An example has been provided of how the model may be calibrated for a specific application using dynamic bench-scale electrowinning data. The experimental work involved testing the effect of an induced step disturbance in the advance electrolyte copper or iron concentrations, or the current density, on the electrowinning performance. The calibration method was used to fit kinetic and voltage loss parameters to the bench-scale dynamic experimental data.

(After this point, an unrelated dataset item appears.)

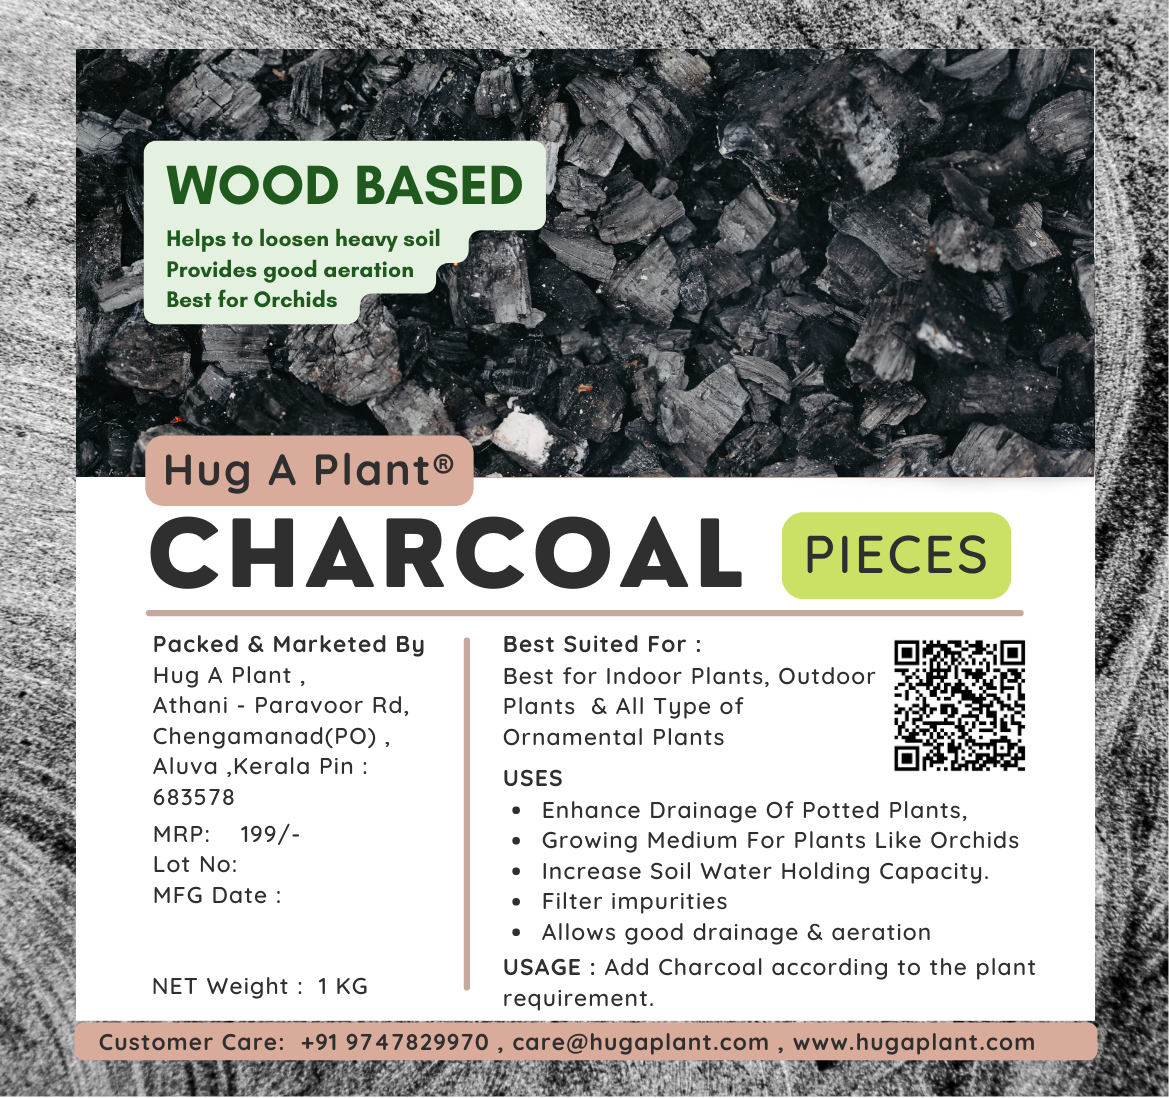 Organic Horticultural Charcoal & Terrarium Charcoal | Charcoal for Plants |  Pure Hardwood Charcoal for Planting and Gardening | Organic Canadian Maple

The accuracy of the model predictions for the electrowinning performance was evaluated by comparison with the bench-scale dynamic experimental data as an example. The model was able to predict similar responses to industry-specific disturbances as those shown in the dynamic experimental data. The only exception was the model-predicted increase in SEC for an increase in advance electrolyte copper concentration. It is expected that the electrolyte resistance will have a more significant effect on the SEC for industrial electrowinning operations. If this is the case, the model-predicted increases will be correct. The model can, however, be adapted to exclude the effect of the electrolyte resistance if required. Overall, the performance of the developed dynamic model lends credence to the application thereof. It is acknowledged that a single experimental case study is not sufficient to validate the model for use in industry. Comprehensive validation will require the availability of suitable industrial or pilot-plant electrowinning data and is left for future work. Although it is not possible to comment on the validity of the model for industrial-scale application, the limited validation conducted has indicated the model has potential for predicting the performance of an industrial tankhouse consisting of multiple electrode pairs. The developed model could be used directly in industry for operator training, process monitoring, and early fault detection. The model also represents a step towards investigating alternative control strategies for the electrowinning process.